Ambassador of Chile to Costa Rica
- In office 1965–1967
- President: Eduardo Frei Montalva
- Preceded by: Pedro Montero Fehrman
- Succeeded by: Enrique Rodríguez Ballesteros

Member of the Senate
- In office 15 May 1957 – 15 May 1965
- Constituency: 8th Provincial Group

Member of the Chamber of Deputies
- In office 15 May 1949 – 15 May 1957
- Constituency: 21st Departmental Group

Personal details
- Born: 22 April 1907 Arauco, Chile
- Died: 12 October 2005 (aged 98) Santiago, Chile
- Party: Independent (–1957) · Agrarian Labor Party (1957–1958) · Liberal Party (1962–1966)
- Spouse(s): María Luisa Fauré Silva; Inés Martínez Martínez (second marriage)
- Children: 7
- Parent(s): Bernardo Barrueto Molinet; Adriana del Carmen Reeves Mendoza
- Relatives: Darío Barrueto Molinet (uncle) · Héctor Barrueto (cousin) · Víctor Barrueto (grandson)
- Education: Carabineros School
- Profession: Farmer, politician

Military service
- Branch/service: Carabineros de Chile
- Years of service: c. 1927–1936
- Rank: Officer

= Edgardo Barrueto =

Chilean politician (1907–2005)

Edgardo Alejandro Barrueto Reeve (22 April 1907 – 12 October 2005) was a Chilean former carabinero, farmer and conservative-leaning politician. He served as a member of the Chamber of Deputies of Chile for two consecutive terms (1949–1957), then as a Senator (1957–1965), and later as Chile's ambassador to Costa Rica (1965–1967) under President Eduardo Frei Montalva.

== Early life and family ==
Barrueto was born in Arauco to Bernardo Barrueto Molinet and Adriana del Carmen Reeves Mendoza. His uncle was politician Darío Barrueto Molinet, his cousin Héctor Barrueto, and his grandson Víctor Barrueto served as a deputy (1990–2006) and Intendant of the Santiago Metropolitan Region (2006–2007). He studied at the Seminary in Concepción and then entered the Carabineros de Chile academy, serving as an officer until 1936, when he retired to work in agriculture.

He married María Luisa Fauré Silva and, in a second marriage, Inés Martínez Martínez; he had seven children.

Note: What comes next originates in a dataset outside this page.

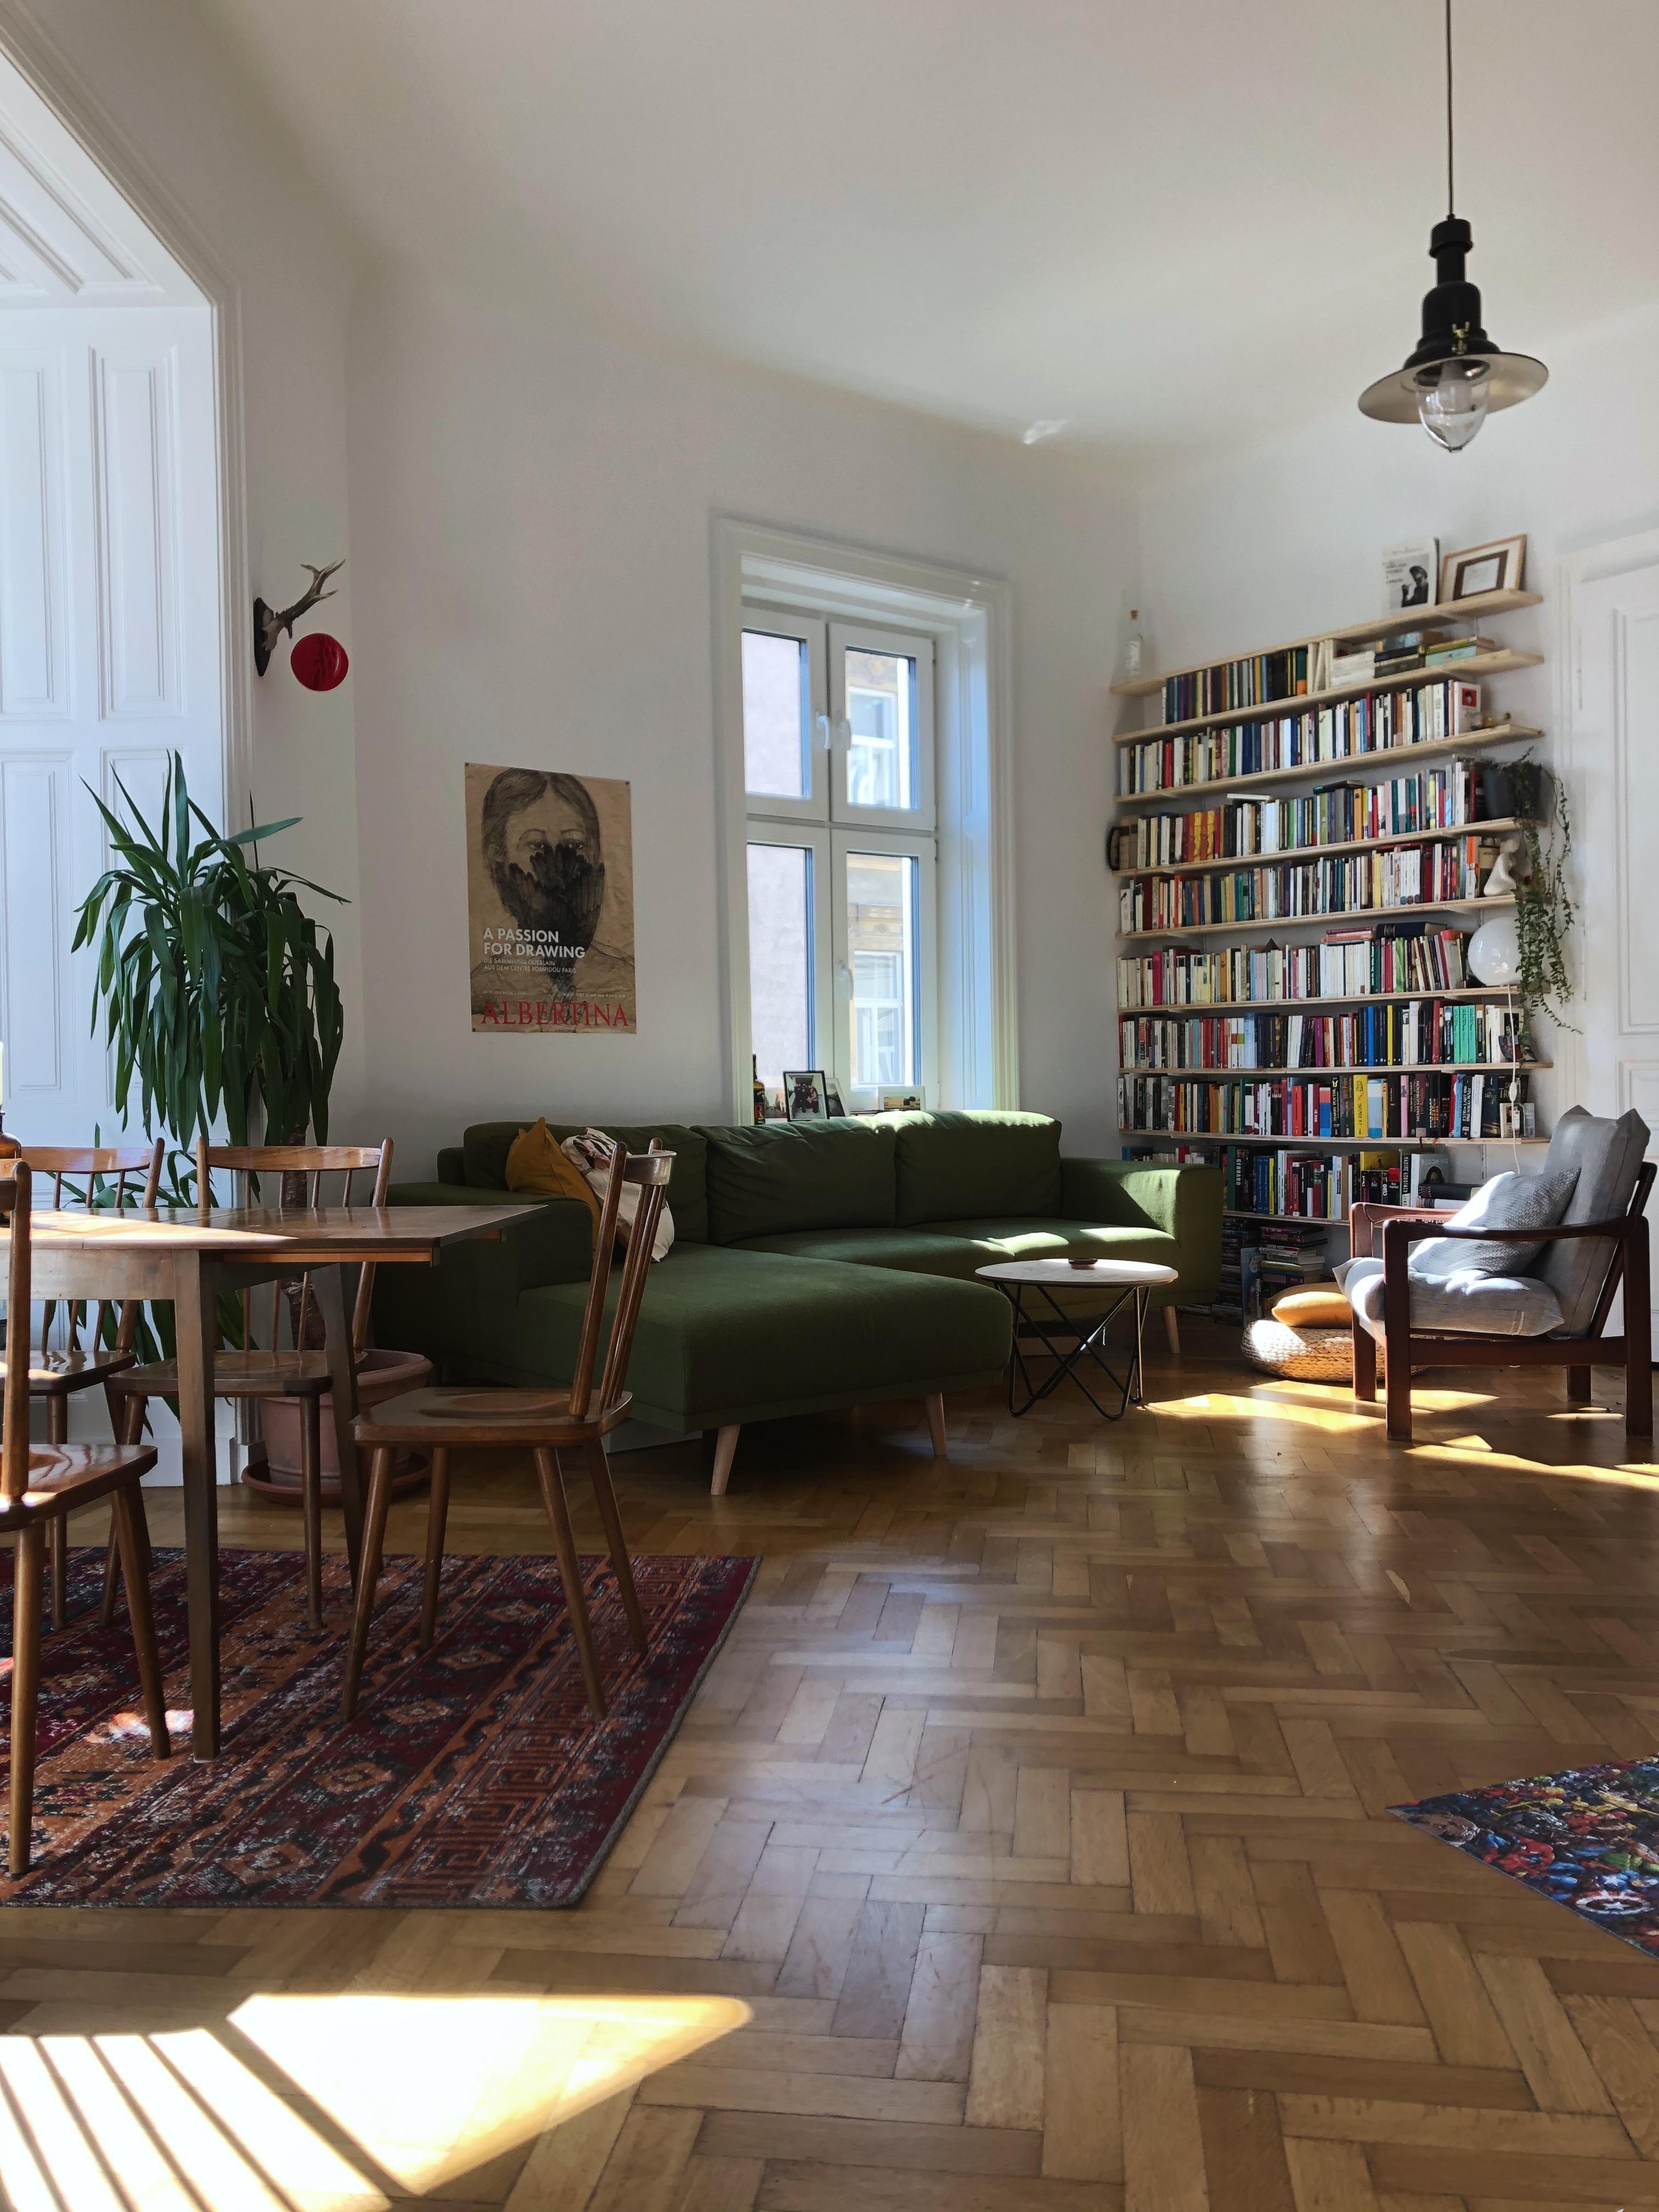 Ein Blick in unser Wohnzimmer und mein Lieblingspart, das Bücherregal #bücherregal #bücherliebe #vintagehome #livingroom

== Professional and civic activity ==
Barrueto managed the El Hualli San Luis farm near Cajón, Temuco, focusing on dairy and crops. He was a member of the Temuco Agricultural Development Society (SOFO) and the local Dairy Cooperative, and also belonged to the Society of Retired Law-Enforcement Officers, the Temuco Social Club, and several sports and charitable associations.

== Political career ==
Barrueto began in local government as a councillor (regidor) for Temuco and later acting mayor.

In the 1949 election he won a seat as an independent Agrarian candidate (on the Progressive Liberal Party list) for the 21st Departmental Group (Temuco, Lautaro, Imperial, Pitrufquén and Villarrica) for 1949–1953, serving on the Permanent Commission of Agriculture and Colonization and the Special Commission on the Peasantry. He was re-elected for 1953–1957, remaining on Agriculture and Colonization.

In 1957 he joined the Agrarian Labor Party (PAL) and was elected senator for the 8th Provincial Group (Biobío, Malleco and Cautín) for 1957–1965. In the Senate he served on the Permanent Commissions of Public Works (first period) and of Mining (second period), as well as the Special Commission on Credit for Agricultural Mechanization, and was part of the PAL parliamentary committee (1958). He later left the PAL and, in 1962, joined the Liberal Party.

After leaving the Senate in 1965, President Eduardo Frei Montalva appointed him Chilean ambassador to Costa Rica, a post he held until 1967.

Barrueto died in Santiago on 12 October 2005, aged 98.